Parsing log /media/logfileshare/u_ex150715.log...
2015-07-17 08:18:18,366: [DEBUG] Detecting the log format
2015-07-17 08:18:18,366: [DEBUG] Check format icecast2
2015-07-17 08:18:18,367: [DEBUG] Format icecast2 does not match
2015-07-17 08:18:18,367: [DEBUG] Check format w3c_extended
2015-07-17 08:18:18,367: [DEBUG] Based on 'Fields:' line, computed regex to be (?P<date>^\d+[-\d+]+\s+[\d+:]+)[.\d]*?\s+(?:".*?"|\S+)\s+(?:".*?"|\S+)\s+(?P<path>/\S*)\s+(?P<query_string>\S*)\s+(?:".*?"|\S+)\s+(?P<userid>\S+)\s+"?(?P<ip>[\d*.-]*)"?\s+(?P<user_agent>".*?"|\S+)\s+(?P<status>\d+)\s+(?:".*?"|\S+)\s+(?:".*?"|\S+)\s+(?P<generation_time_secs>[.\d]+)
2015-07-17 08:18:18,371: [DEBUG] Format w3c_extended matches
2015-07-17 08:18:18,372: [DEBUG] Format match contains 8 groups
2015-07-17 08:18:18,372: [DEBUG] Check format iis
2015-07-17 08:18:18,372: [DEBUG] Based on 'Fields:' line, computed regex to be (?P<date>^\d+[-\d+]+\s+[\d+:]+)[.\d]*?\s+(?:".*?"|\S+)\s+(?:".*?"|\S+)\s+(?P<path>/\S*)\s+(?P<query_string>\S*)\s+(?:".*?"|\S+)\s+(?P<userid>\S+)\s+"?(?P<ip>[\d*.-]*)"?\s+(?P<user_agent>".*?"|\S+)\s+(?P<status>\d+)\s+(?:".*?"|\S+)\s+(?P<__win32_status>\S+)\s+(?P<generation_time_milli>[.\d]+)
2015-07-17 08:18:18,375: [DEBUG] Format iis matches
2015-07-17 08:18:18,376: [DEBUG] Format match contains 9 groups
2015-07-17 08:18:18,376: [DEBUG] Check format common
2015-07-17 08:18:18,376: [DEBUG] Format common does not match
2015-07-17 08:18:18,376: [DEBUG] Check format common_vhost
2015-07-17 08:18:18,376: [DEBUG] Format common_vhost does not match
2015-07-17 08:18:18,376: [DEBUG] Check format nginx_json
2015-07-17 08:18:18,377: [DEBUG] Format nginx_json does not match
2015-07-17 08:18:18,377: [DEBUG] Check format s3
2015-07-17 08:18:18,377: [DEBUG] Format s3 does not match
2015-07-17 08:18:18,377: [DEBUG] Check format ncsa_extended
2015-07-17 08:18:18,377: [DEBUG] Format ncsa_extended does not match
2015-07-17 08:18:18,377: [DEBUG] Check format common_complete
2015-07-17 08:18:18,377: [DEBUG] Format common_complete does not match
2015-07-17 08:18:18,378: [DEBUG] Check format amazon_cloudfront
2015-07-17 08:18:18,378: [DEBUG] Based on 'Fields:' line, computed regex to be (?P<date>^\d+[-\d+]+\s+[\d+:]+)[.\d]*?\s+(?:".*?"|\S+)\s+(?:".*?"|\S+)\s+(?:rtmp:/)?(?P<path>/\S*)\s+(?P<query_string>\S*)\s+(?:".*?"|\S+)\s+(?P<userid>\S+)\s+"?(?P<ip>[\d*.-]*)"?\s+(?P<user_agent>".*?"|\S+)\s+(?P<status>\d+)\s+(?:".*?"|\S+)\s+(?:".*?"|\S+)\s+(?P<generation_time_secs>[.\d]+)

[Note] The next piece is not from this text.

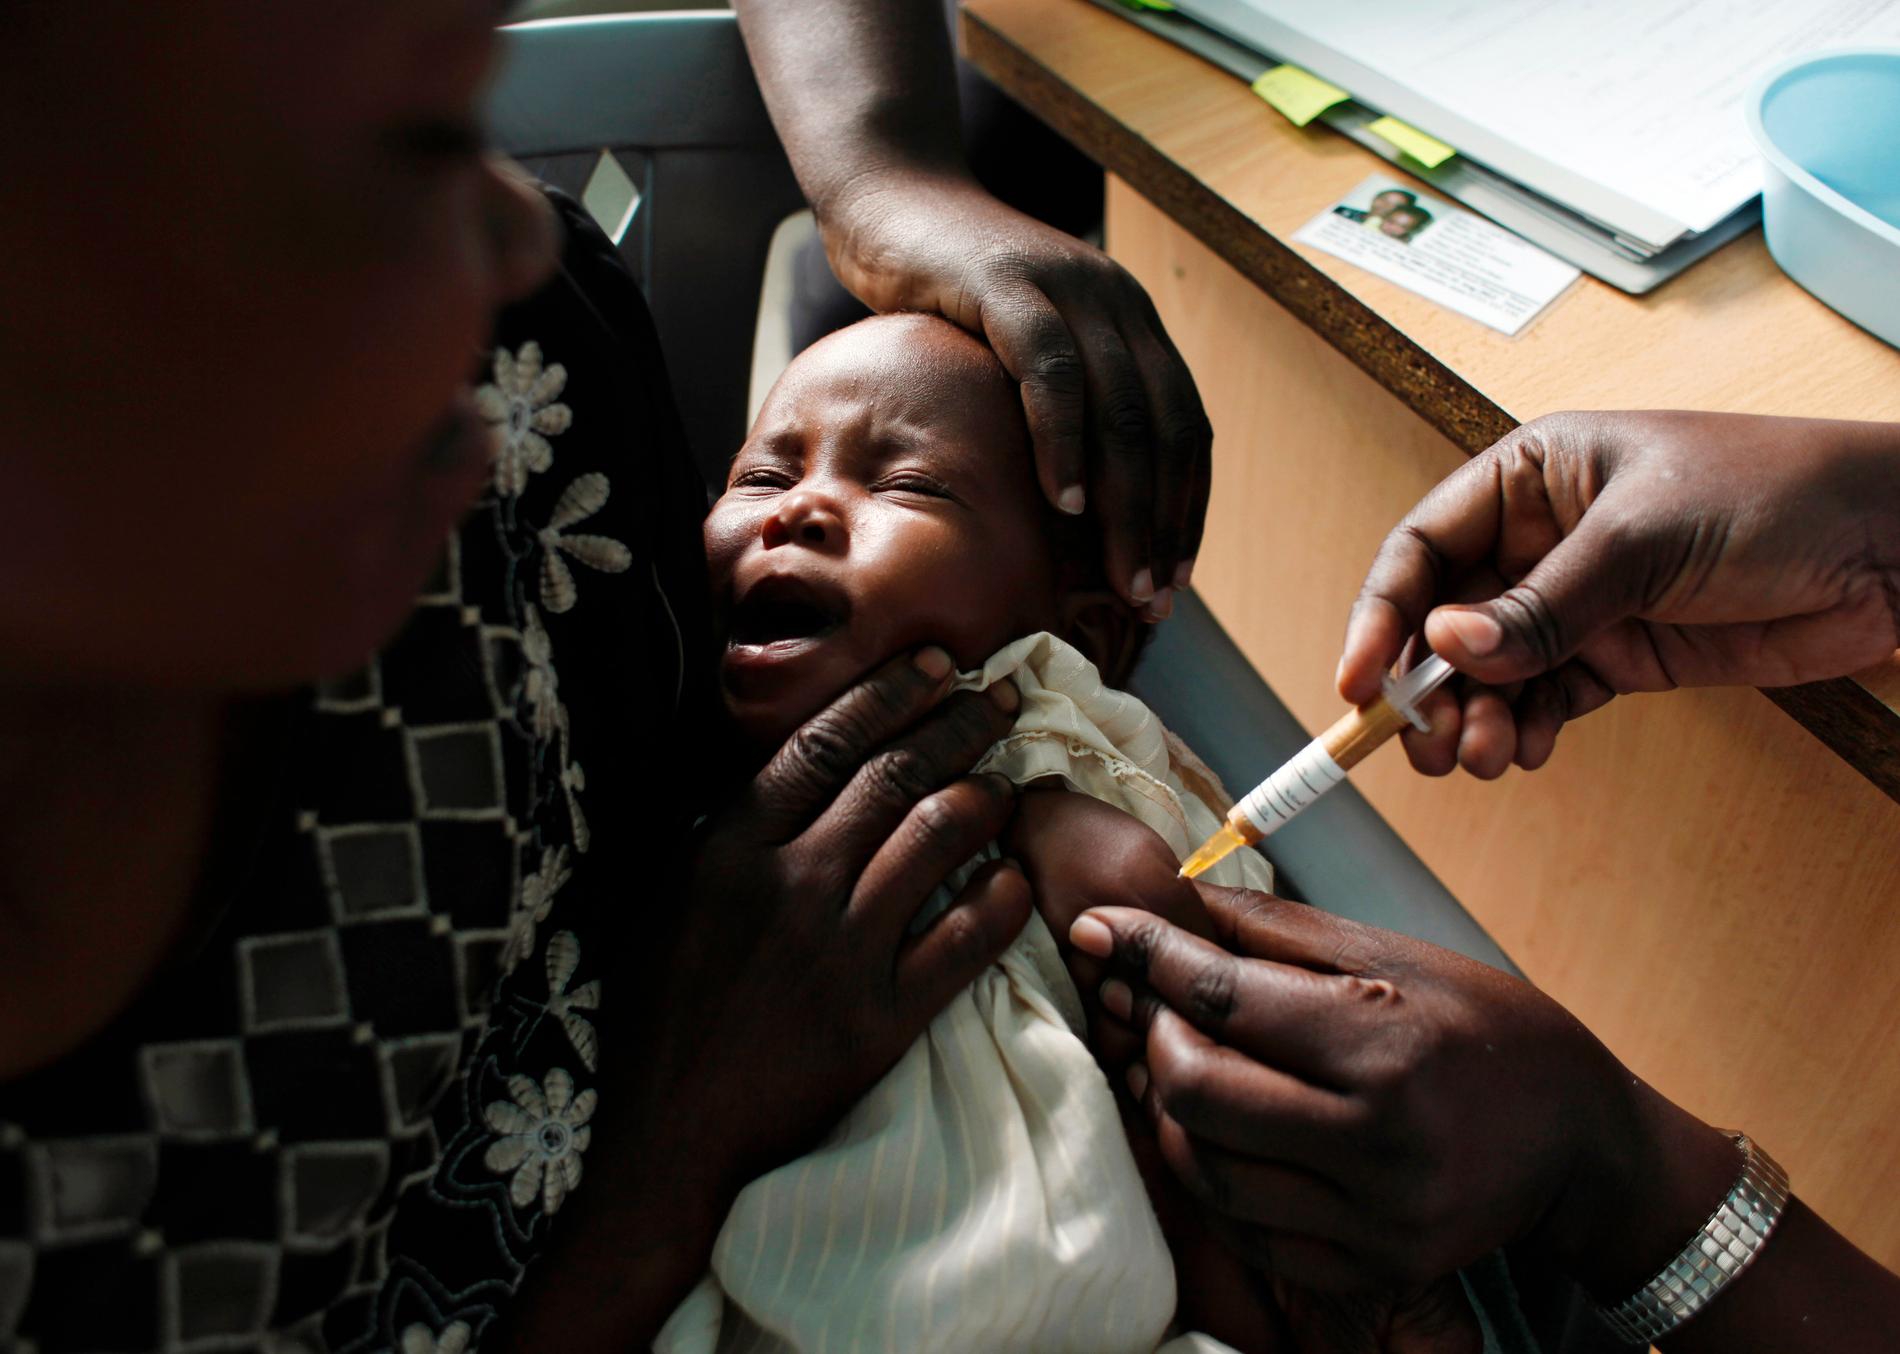 En mamma håller sitt barn medan barnet vaccineras för malaria i Kombewa i västra Kenya. WHO meddelade i augusti 2019 att det är teoretiskt möjligt att utplåna malaria, men inte med de felaktiga vacciner och kontrollmetoder som används för tillfället.
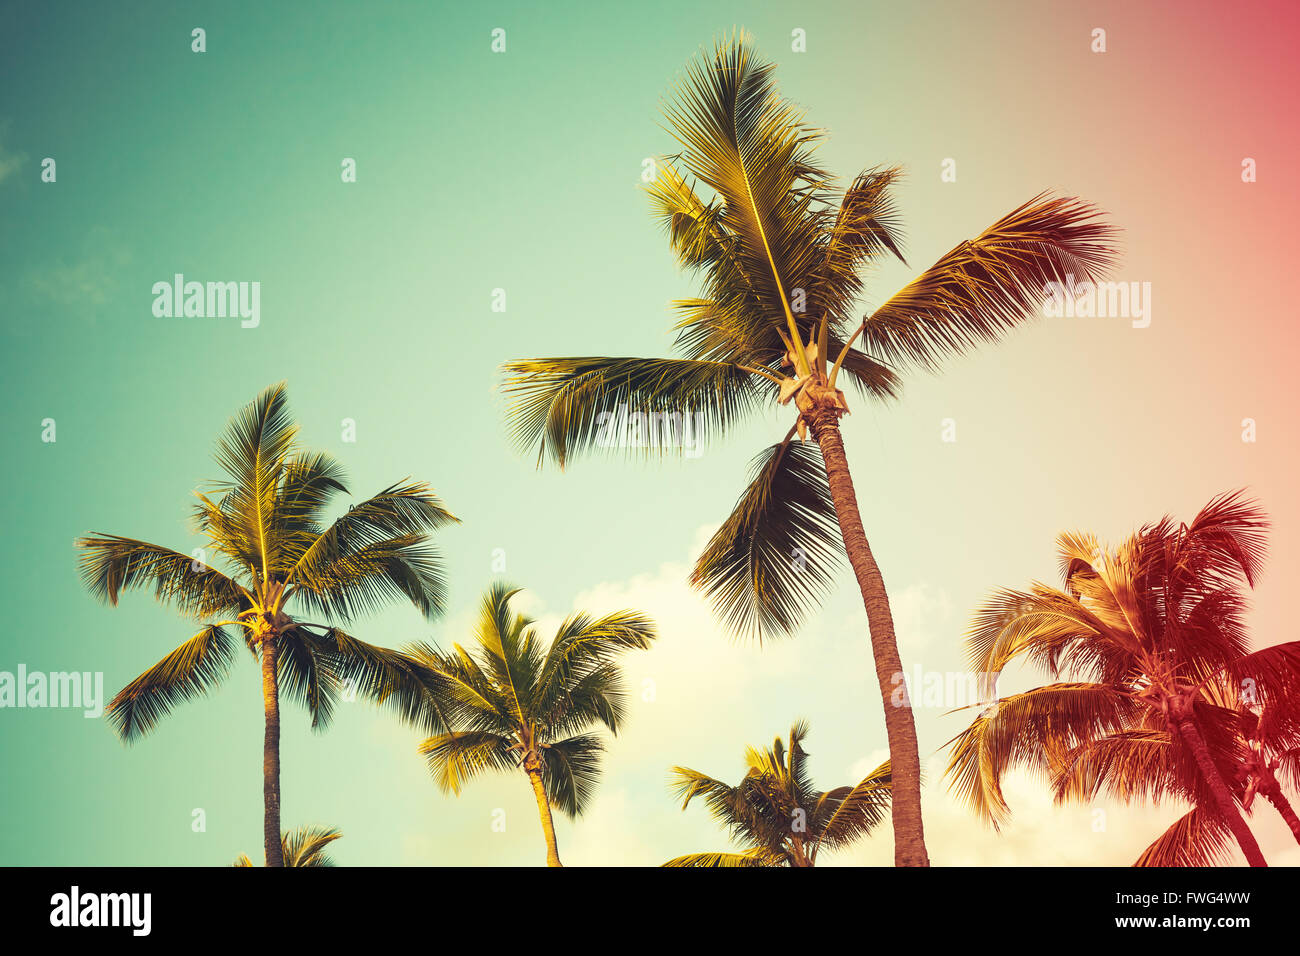 Des cocotiers sur fond de ciel lumineux. Style vintage, photo avec effet de filtre de correction tonale colorés Banque D'Images

2015-07-17 08:18:18,382: [DEBUG] Format amazon_cloudfront matches
2015-07-17 08:18:18,382: [DEBUG] Format match contains 8 groups
2015-07-17 08:18:18,382: [DEBUG] Format iis is the best match
4914 lines parsed, 0 lines recorded, 0 records/sec (avg), 0 records/sec (current)
13559 lines parsed, 0 lines recorded, 0 records/sec (avg), 0 records/sec (current)
22251 lines parsed, 0 lines recorded, 0 records/sec (avg), 0 records/sec (current)
24956 lines parsed, 0 lines recorded, 0 records/sec (avg), 0 records/sec (current)
24956 lines parsed, 0 lines recorded, 0 records/sec (avg), 0 records/sec (current)
24956 lines parsed, 0 lines recorded, 0 records/sec (avg), 0 records/sec (current)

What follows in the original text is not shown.